BLIND in her tears, Ismene passed trees without going in any particular direction. Even as she ran, she felt the endless and rolling pit within her heart deepen with every sob that slipped passed her lips. Behind her, Fenrir loped loyally after her, fast enough to keep up. His golden eyes watched her with a sense of sadness as if he were a person who understood.
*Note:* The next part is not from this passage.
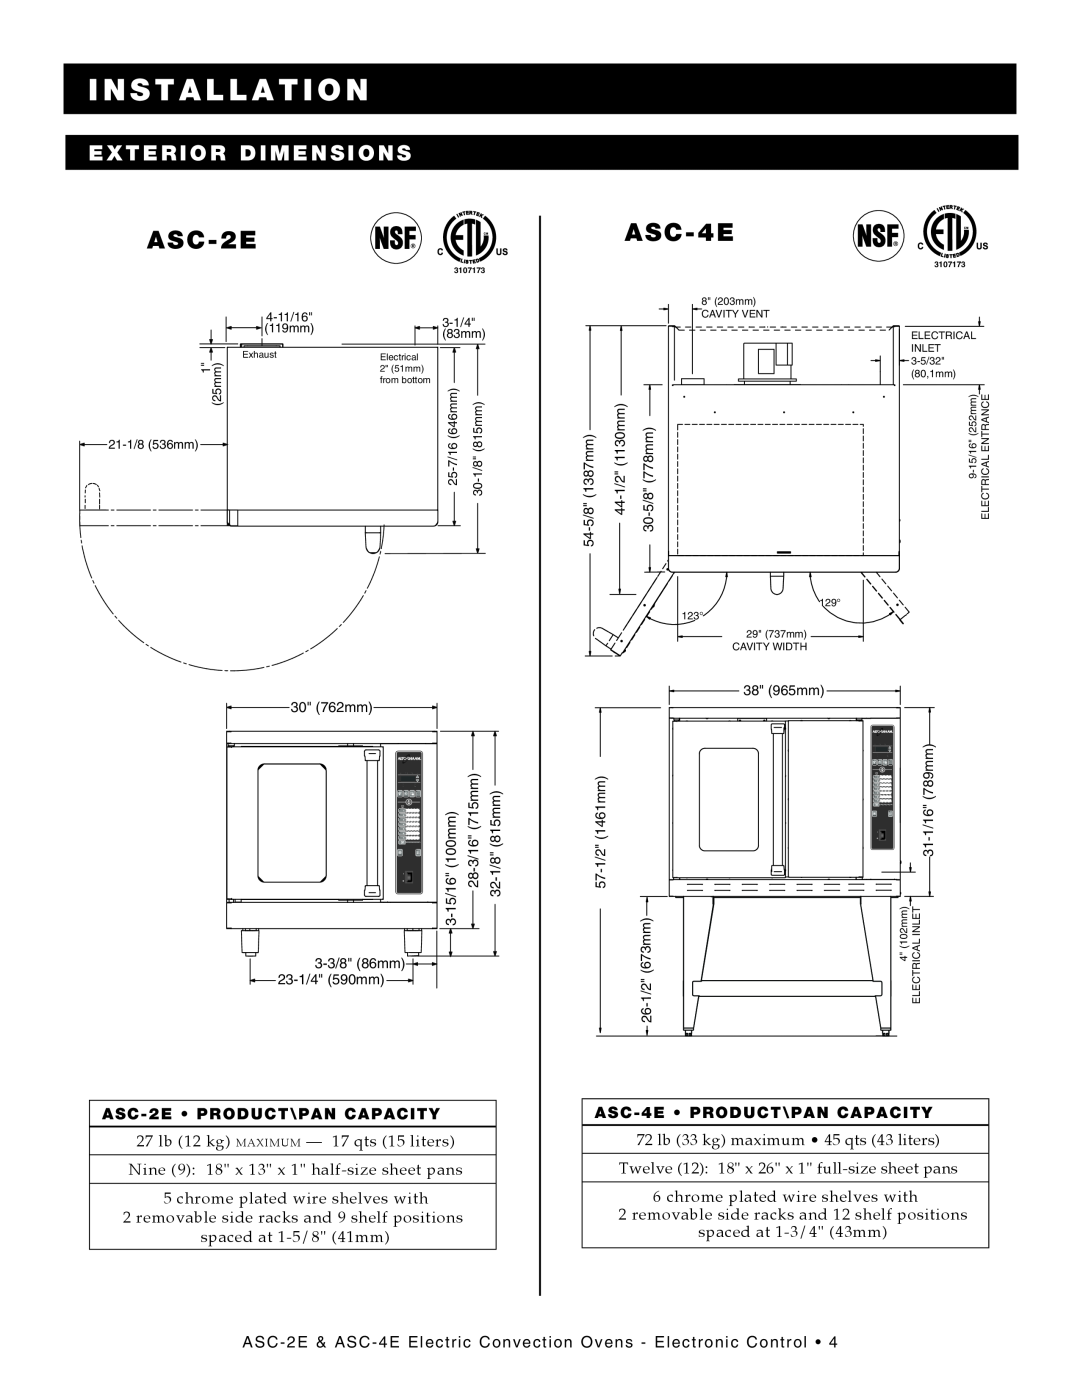 Alto-Shaam ASC-4E Exterior Dimensions, I N S T A L L A T I O N, ASC-2E PRODUCT\PAN CAPACITY, 4-11/16, 3-1/4, 119mm

The darkest news reached the northern forces, changing the course of the war indefinitely. Her father was executed under the order of the bastard King Joffrey, something the girl could have seen coming but never did. With such a swift and defining execution, the time left if war was almost impossible to measure. Sansa had informed them in the hastily written letter that had been received from Kingslanding that sounded more like the queen's words than Ismene's soft spoken sister.

She was utterly heartbroken, as expected, knowing she would never see her father again nor would her sons ever meet their grandfather. Over and over again, she was reminded that she would never embrace him again, breath in his earthy and calming musk that Darik had inherited, nor hear his hearty laugh. That was all gone, whisked away into oblivion at the command of a boy king who had no business running a country. Because of Joffrey, Ismene would never see her father again; for that, she would eternally despise the Lannisters. 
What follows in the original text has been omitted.